What would you recommend adding in healthy fats wise Doug ?

Organic peanut butter.

Nuts that kind of thing ?

I was thinking of dropping her carbs as she still wants to lose more weight and see more definition. Especially on the upper legs


----------



## gingernut (Dec 11, 2006)

The kcals look low to me, 9.5 stone isn't a lot for a woman of 5'8".

To see definition with shape (and not look half starved), she needs to be developing muscle. Quads/ham/glutes are a difficult area for women, needs training hard, possibly twice a week. If you drop any further I'd be concerned she'll be running out of energy to train or risk binging, so get some fats in.

Fat sources;

Peanut butter (natural no added salt/sugar brand)

Plain nuts

Various oils (Udos/fish/olive) I've not decided which one is better, there's a lot of science out there and one says one, another the other!

Egg yolks (if eating eggs)

Oily fish (salmon, mackeral)


----------



## jr24 (Apr 14, 2014)

Thankyou rose. I'll post up her training programme later on to show you her split.


----------



## Max1466868006 (Feb 16, 2010)

Not the best worded final sentence JR!

"I'll post up her training programme later on to show you her split", or is it just me?


----------



## jr24 (Apr 14, 2014)

Haha I've just read that back. Ooops


----------



## ElleMac (Sep 20, 2011)

I would say that she has nowhere near enough fats, and she's very light for a lady of her height. It's hard to give a critique on her diet without knowing what her goals are. I personally think the calories are low too. For fats I would use udos oil, macadamia nut oil, avocado and nuts.

Extreme Nutrition Athlete

www.extremenutrition.co.uk


----------



## jr24 (Apr 14, 2014)

She has a goal to basically be very toned. Low bf. she doesn't want to look too muscular id say bikini class/fitness model type physique.

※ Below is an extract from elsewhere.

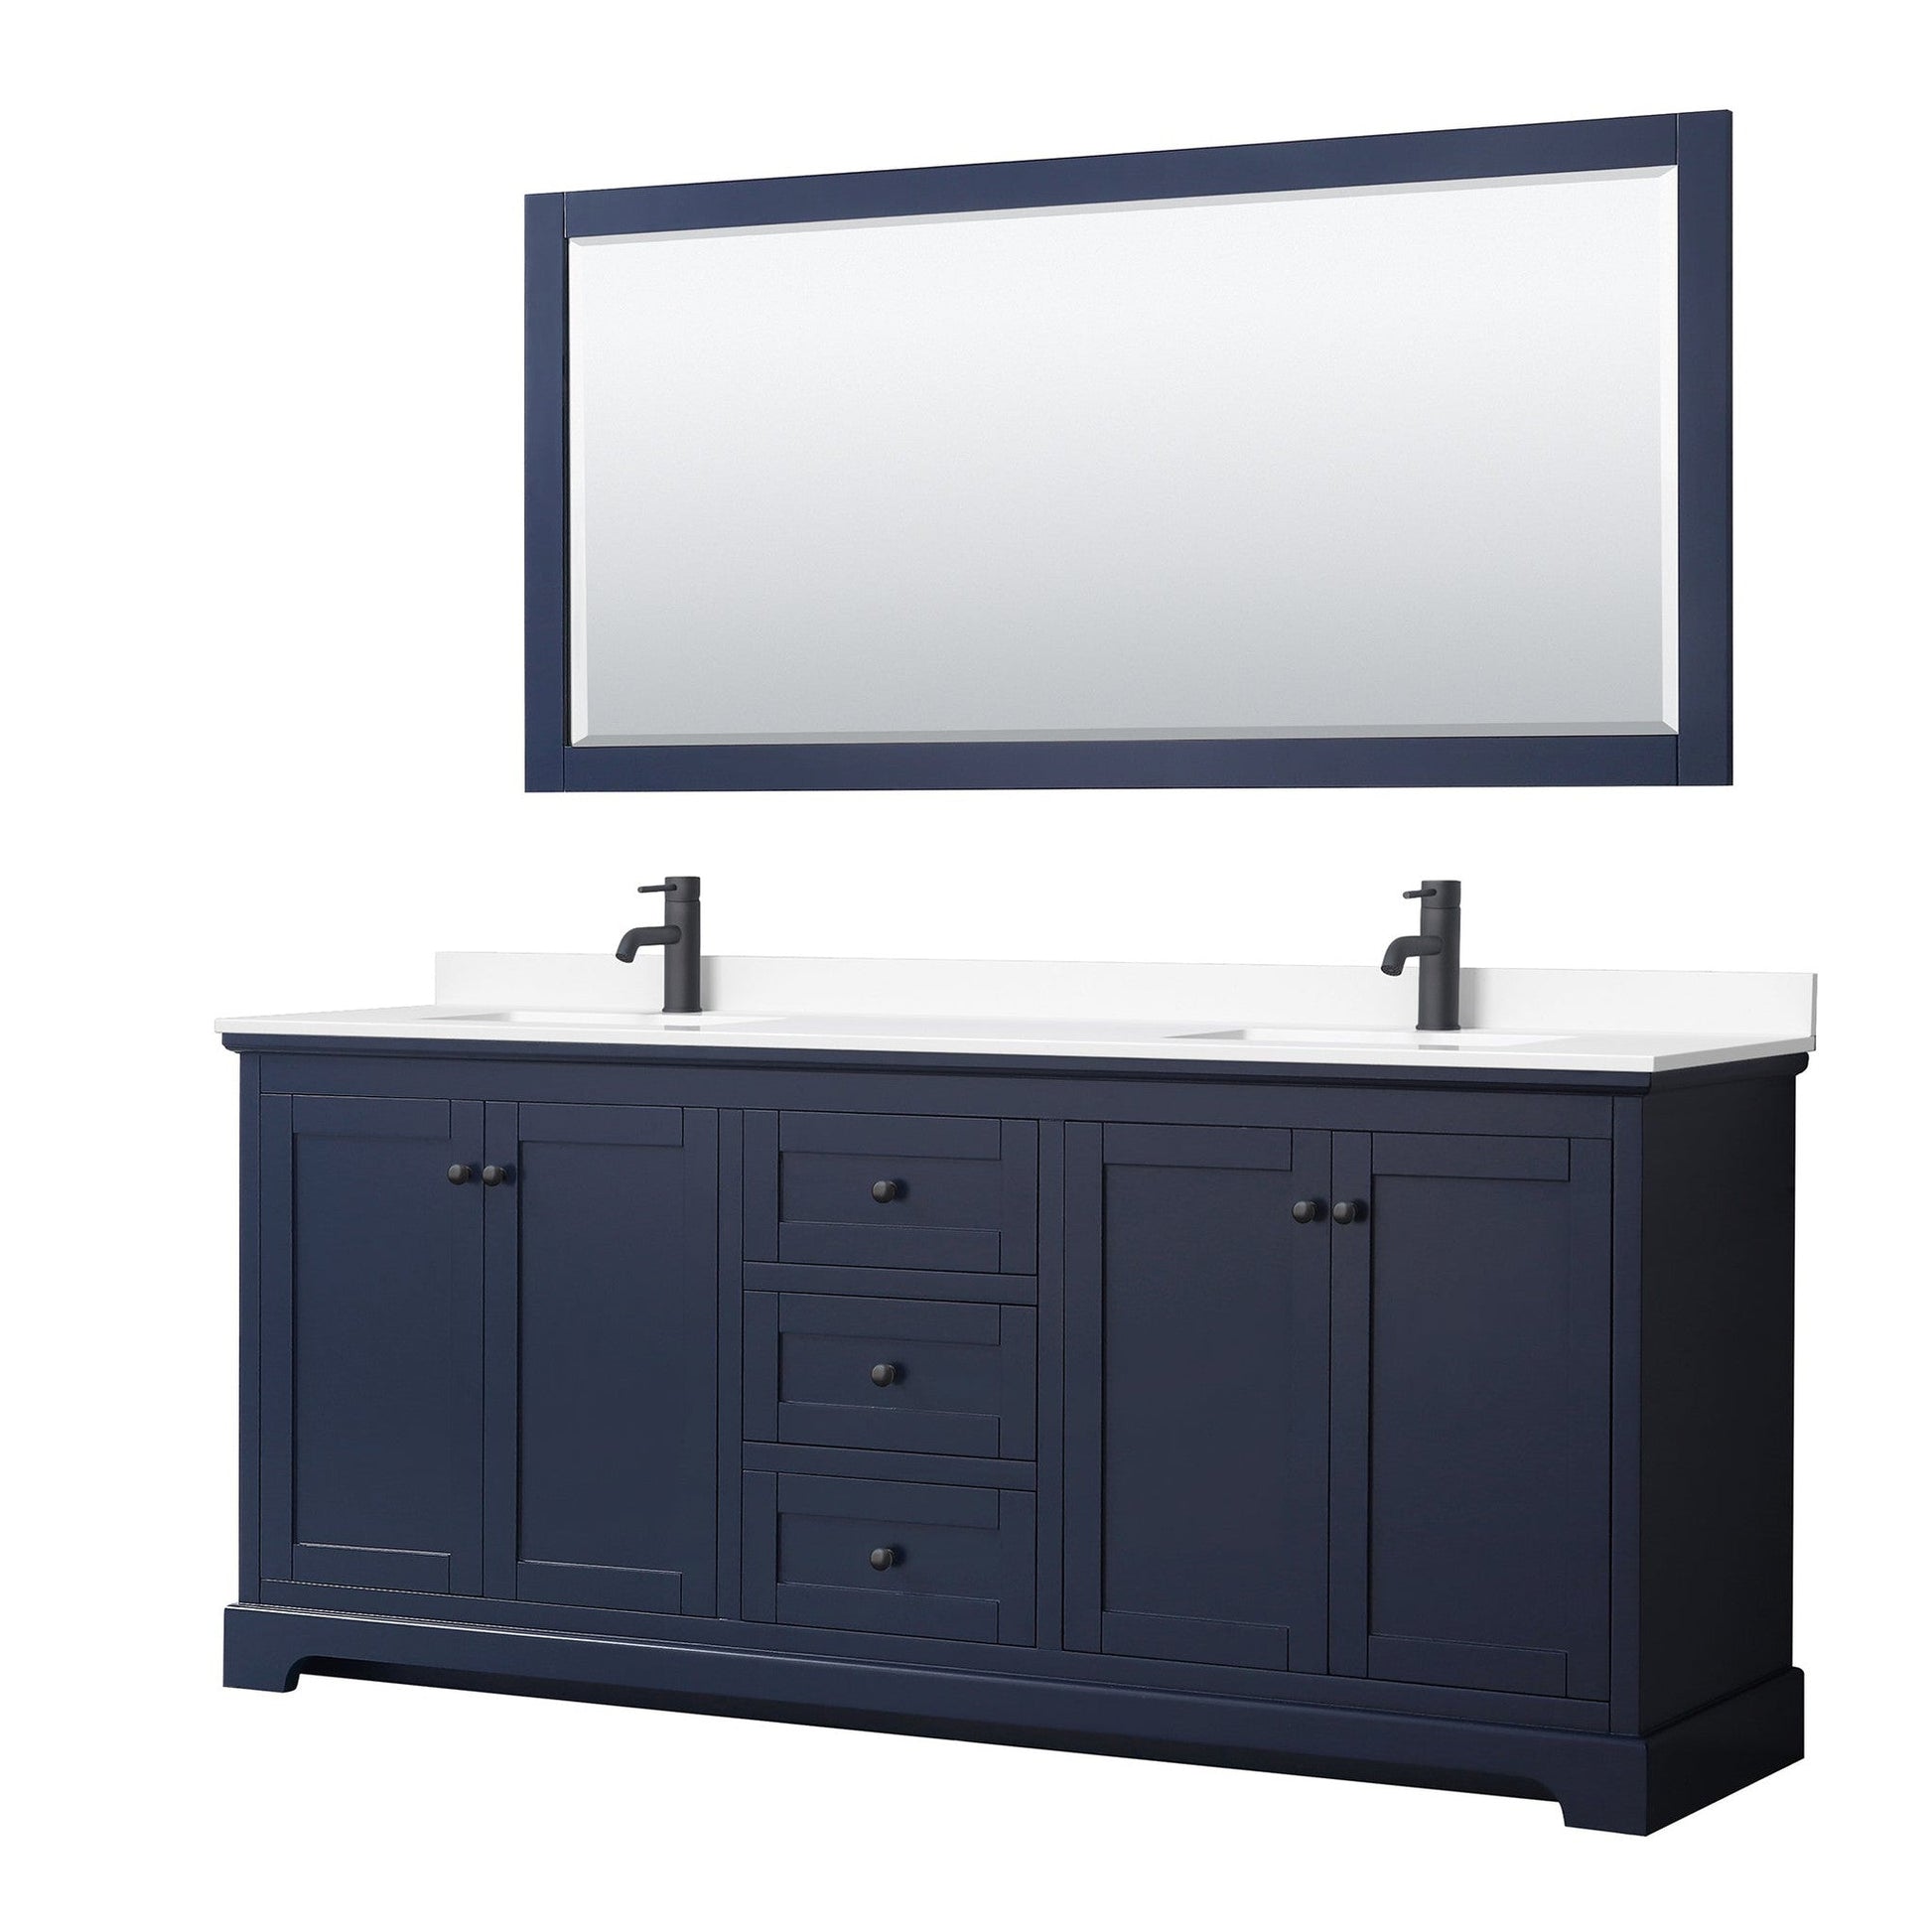 Avery 80" Double Bathroom Vanity in Dark Blue, White Cultured Marble Countertop, Undermount Square Sinks, Matte Black Trim, 70" Mirror

Her role model is Lydia millen not sure if any of you guys and girls have heard of her.

That current diet she says she struggles to eat that amount of food. The part she is most

Unhappy with is her upper legs. Her abs and upper body are coming on really well.


----------



## ElleMac (Sep 20, 2011)

Does she hold much fat then? Or is it that she wants to build muscle to achieve that "toned" look? Well fats are calorie dense if you choose things like oil... So it means less food in terms of mass if you see what I mean

Extreme Nutrition Athlete

www.extremenutrition.co.uk


----------



## jr24 (Apr 14, 2014)

I know hate that word too. Ha ha 'toned'

Not really she holds a bit of fat on her upper legs but she's far from fat. Bearing in mind she's had a child.

Build muscle and lose fb basically. Up until the last 4-5 months she hasn't done any weight training


----------



## jr24 (Apr 14, 2014)

Around a month ago.


----------



## gingernut (Dec 11, 2006)

1. She won't get bulky unless she stuffs her face with chocolate, or starts to whack in male hormones along with diet and heavy training. Women training naturally(and many men) struggle to put muscle on, I've been training hard 3 years now, eating loads and only making minimal gains(and my body type is one that does gain).

2. She looks like she needs some muscle, if not then she'll have to get incredibly emaciated in order to look lean.


----------



## jr24 (Apr 14, 2014)

She does a 3 x training split

Chest / delts / tris

Back bis

Legs


----------



## gingernut (Dec 11, 2006)

Ok so push, pull, legs.

What is she doing in those sessions (exercises & reps), how much cardio & when?

I'm also a bit baffled by your 'bear in mind she's had a child' comment. She's far from overweight plus many, many women who stand on stage and lift trophies in all classes, have had one or several children. Some used to say having a child improved athletic ability.

Sent from my BlackBerry 9320 using Tapatalk


----------



## jr24 (Apr 14, 2014)

Chest tris

Converging chest press

Dumbell press ball

Pectoral fly

Tris

Dip assist next to seated row

Tricep pull down (rope thing)

Tricep extension rope machine above head

Legs

Squats

Leg press

Leg extension

Prone leg curl (lay down on front )

Leg curl

)

Hip adduction

Calf press

Back bis

Diverging Lat pull down

Lat pull wide grip

Diverging seated row

Biceps

Arm curl

Standing bicep curls

Hammer curls

This is her workout routine

Rep range is 3 sets of 15-20 reps.

Having had a baby comment was mentioned because some women find it harder to lose fat deposits around lower stomach and upper legs after having a child.


----------



## gingernut (Dec 11, 2006)

Looking ok, I'd reduce the reps but do be reassured she will not get bulky - and in fact some women do gain muscle by using higher reps!

I'd aim for 10-12 with with a weight that makes the final few reps being hard. Trust me when I say women have to train hard to get muscle.

I'd also try losing one of the leg curls and add in either walking lunges (bodyweight), and or SLDL with DBs. Figure (and bikini) women use these as a staple for sculpting glutes, hams and quads.


----------



## gingernut (Dec 11, 2006)

Another comment I'd make is about being realistic - bikini competitors are standing tense and taut all the time. There's a lot of breath and tummy holding, if she stood tensing her legs I bet they'd have a much better shape, I'm not saying she should walk around permanently 'tensed', but that her adjusting her posture would improve her appearance.


----------



## jr24 (Apr 14, 2014)

Thanks Rose that's really helpful. I'll add some lunges in I think.


----------